Vehicle-to-Grid integration allows an EV’s charging cycle to be managed and, if capable, to export power from the EV battery back to the grid. By establishing communications to electric vehicle charging stations and to EVs, grid operators will be able to signal when the best time(s) to charge (or not charge) and/or export would be. This means one can change charging times or stagger them to mitigate demand spikes like the duck curve. One can also provide local feeder support for frequency and voltage, if necessary, on the grid. Easy to implement, managing charge times only or V1G, benefits both grid and vehicle owners but lacks energy or power support for the grid. V2G on-the-other-hand is basically a bi-directional EV or EV charging station that allows one to specify parameters like charging and export times, power settings, etc.

 

Deployment Models

There are several deployment models, and each is important when selecting communications protocols for either V1G or V2G applications.

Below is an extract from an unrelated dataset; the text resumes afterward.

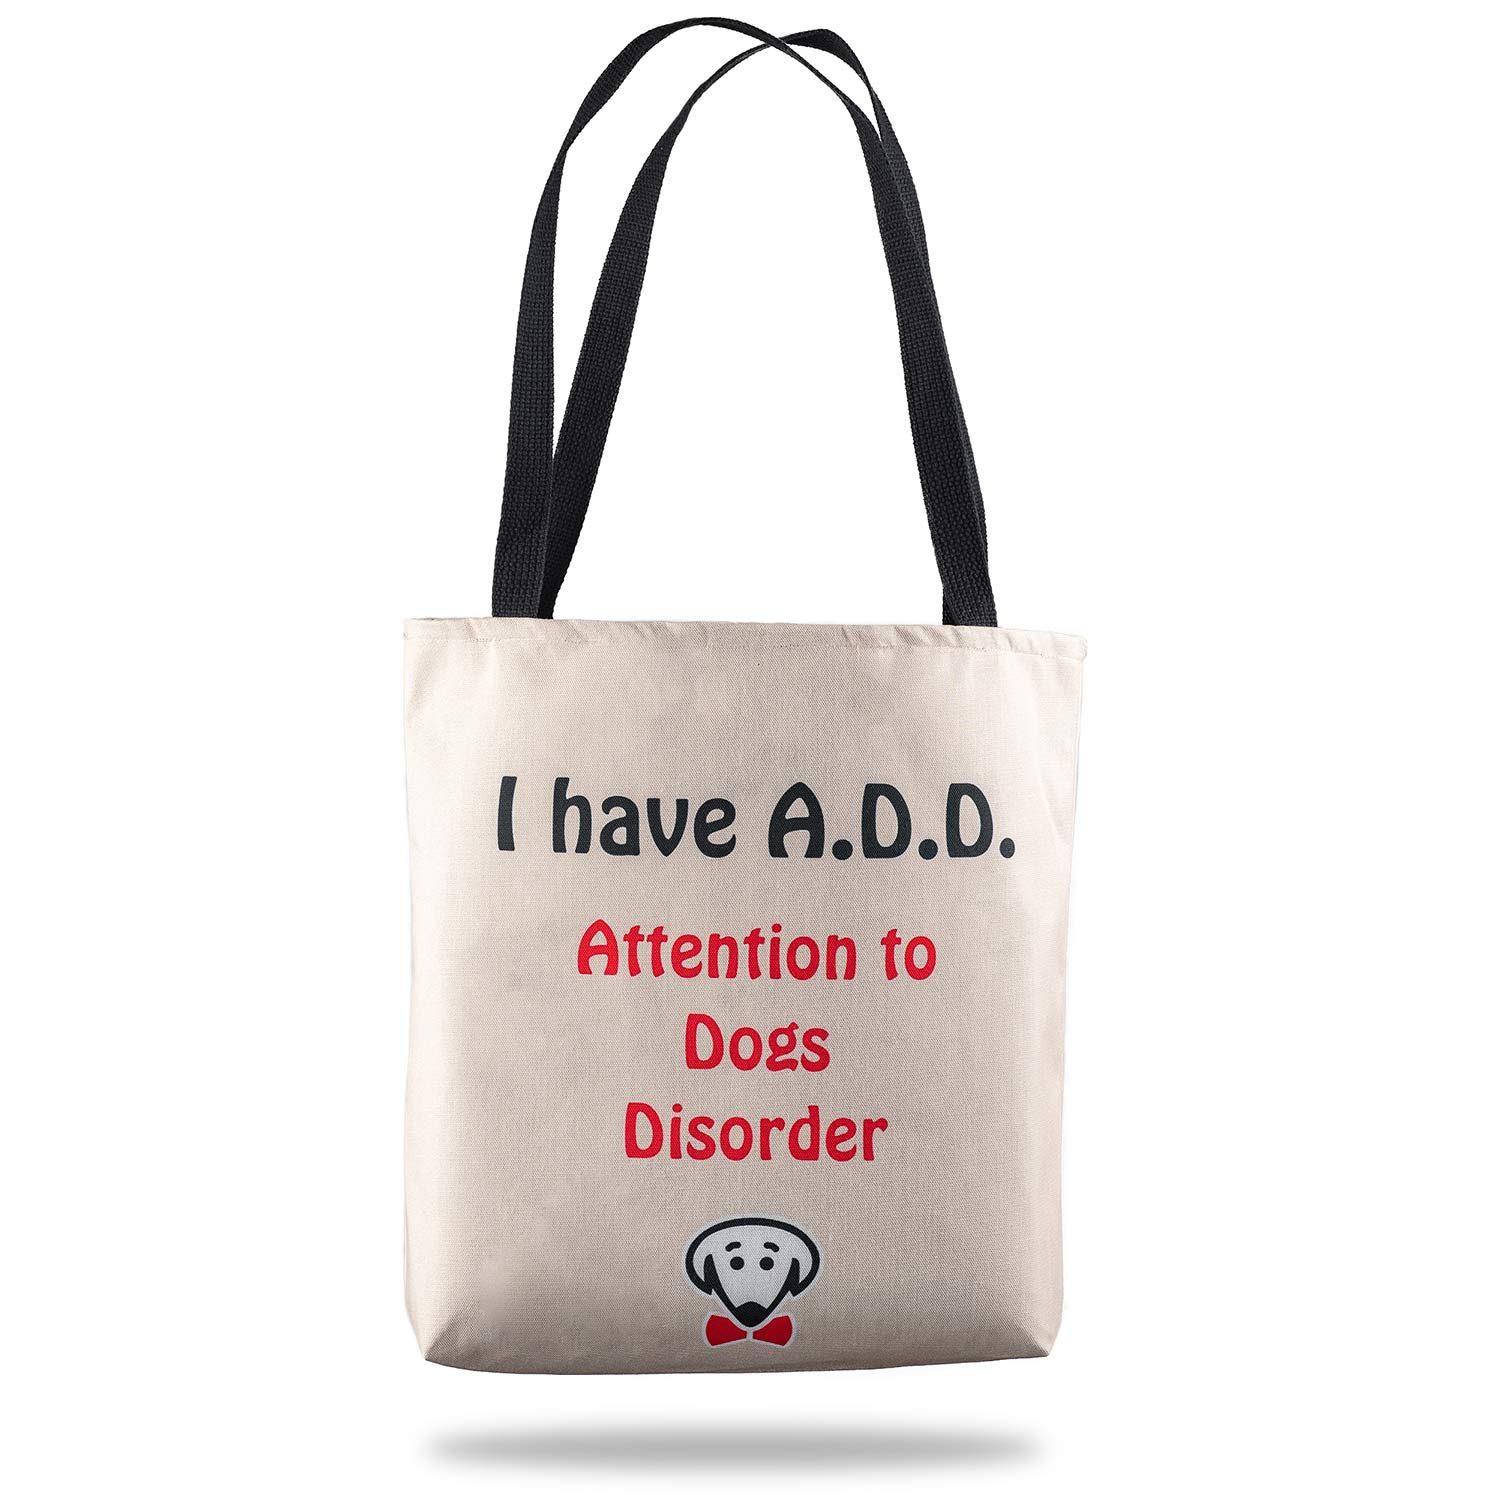 'A.D.D.' Tote by Beau Tyler in tan

The demand response model–often implemented by a DR Aggregator–can be used to manage individual or a network of charging stations directly or through a building or energy management system (EMS). The DR Aggregator receives requests for demand curtailment from the distribution utility and determines which demand assets under its control, including EV charging, are optimum for meeting the utility request.

Another deployment model is often used in a campus, microgrid, or building complex. It provides direct communications between the utility DER management system and the facility/Microgrid controller to manage the DER resources under its control. Situated in a local facility, this model employs a single point of electrical interconnection, which is essentially a single meter between the utility and the facility. A single communications interface between the utility and the facility controller communicates the DER management requests and responses.

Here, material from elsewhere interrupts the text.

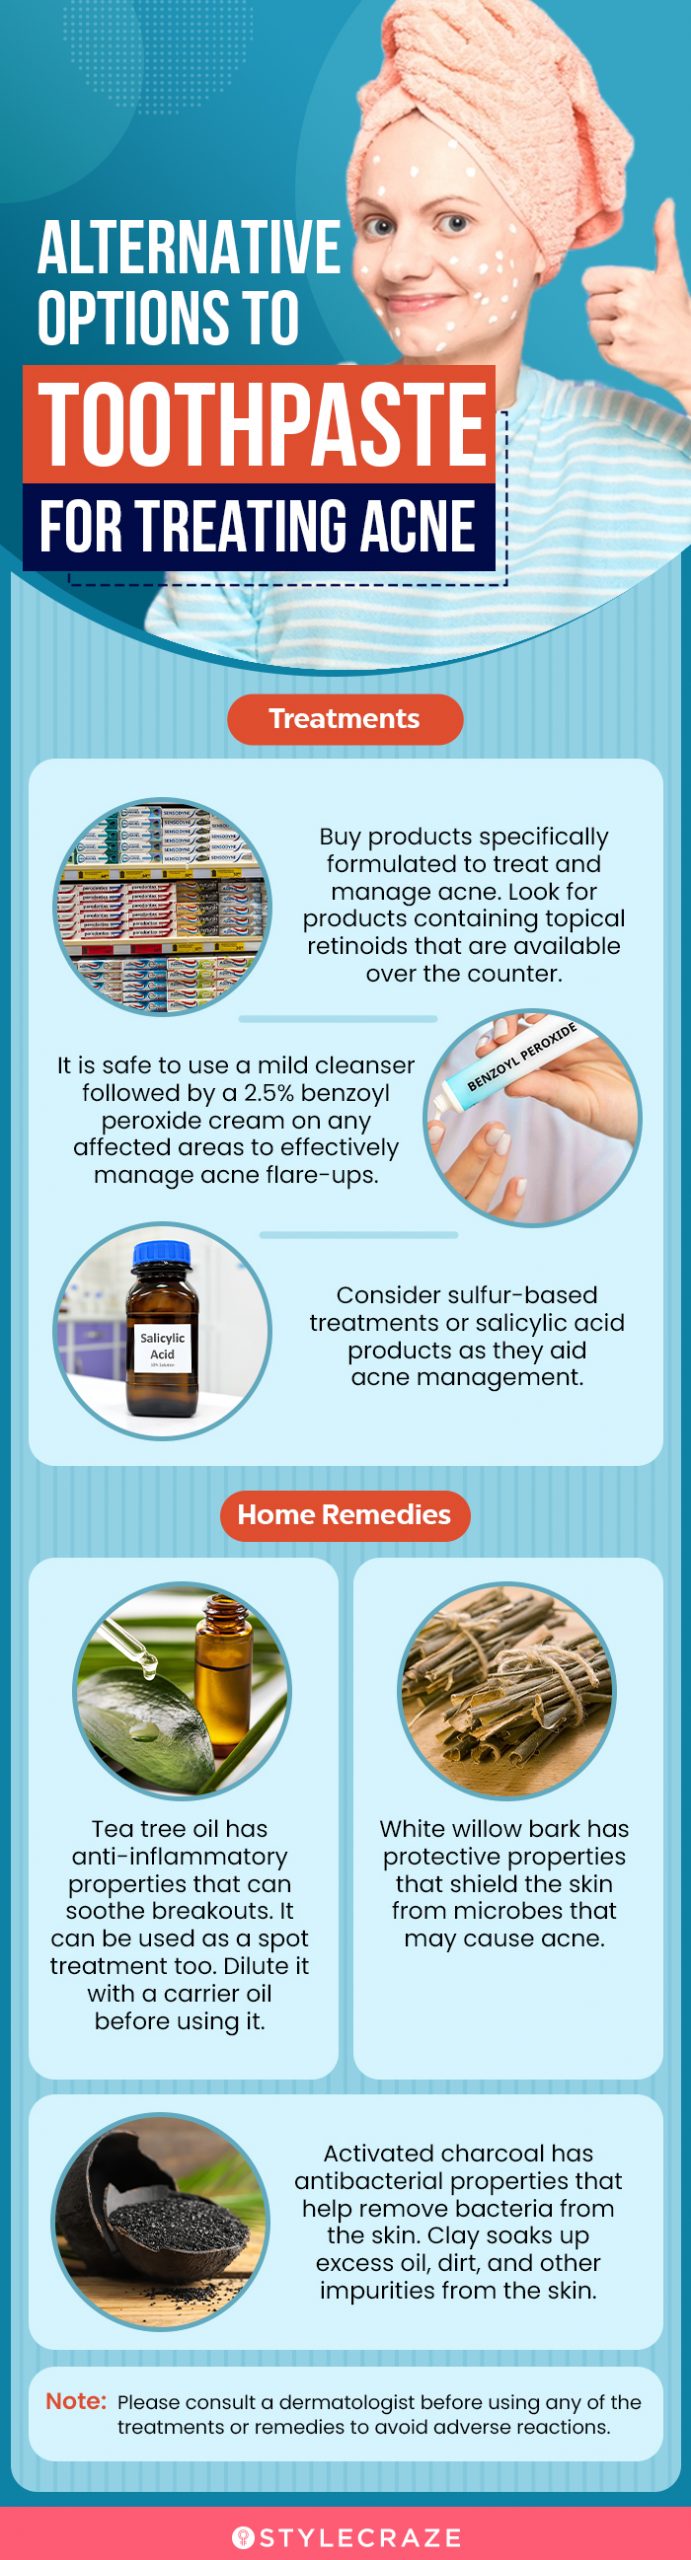 alternative options to toothpaste for treating acne (infographic)

Still another model goes directly to a charge network operator (CNO) who solely manages a network of charging stations. These could be fleets, in residences or commercial buildings, or public parking lots. Communications is directly from the utility DERMS (Distributed Energy Resources Management System) via the CNO which makes actual charging/discharging decisions and handles communications downstream to the charging stations with EVs.

Finally, the auto industry has developed advanced telematics which can control EV charging/export behavior. Utilities can communicate to a cloud-based system, which then communicates directly to EVs through the EV OEM’s proprietary telematics network. This opens up a variety of possibilities for how to manage V1G or V2G applications.

V1G Protocols

The various V1G standard protocols (as opposed to vendor proprietary protocols) for charge management allow for messaging between grid operators and EVs. This includes exchanging information about status, charge times, and/or rates, perhaps even time-of-use rates or dynamic rates. At this point, the utility or the grid operator provides information, incentives, or commands for the EV charging station and EVs for optimum charging times to an aggregator, CNO, or EMS, or directly to the charging station or EV itself,

An OpenADR protocol is efficient, especially for V1G applications. It’s used by multiple utilities globally and by over 20 EV charging stations vendors or CNOs that manage them.

For communications between EVs and EV charging stations, the ISO 15118 standard protocol is emerging as a leading global standard. The EV asks the charging station to turn the power on or off. There are other similar protocols in use between EVs and charging stations, including proprietary links.

Two V2G Communications Models

Currently, there are two types of V2G models. DC V2G EVSEs have bi-directional inverters and can manage power flows both to and from the EV. This is considered a DER from a utility perspective. The utility DERMS communicates to the aggregators, CNO, or EMS, which then communicates to the charging station and manages the charging and export applications. Since it’s bi-directional, it can draw power from the EV’s battery and execute the grid settings needed to operate as a grid DER.

While multiple communications protocols are currently available, IEEE 2030.5 or CSIP is preferred and mandated in California for DER (including V2G) applications. And because the utility DERMS will use it to manage inverter-based DERs, the first leg to aggregators, CNO or EMS could be 2030.5.

OpenADR is a workable protocol for these communications as well, but it falls short in managing smart inverter settings. There could also be proprietary protocols. Between the aggregators, CNO, EMS, and the charging station, 2030.5 can be introduced because it’s already being used upstream. Still, conversion or translation to OCPP or OpenADR could be used in applications that don’t need sophisticated inverter management. While the IEEE 2030.5 to OCPP interface may well be implemented by a CNO, we have yet to see IEEE 2030.5 interfaced downstream with OpenADR. In fact, the reverse is more likely: OpenADR would be the protocol used between the DERMS and Aggregator and then translated into IEEE 2030.5 messages for communications to the inverters themselves.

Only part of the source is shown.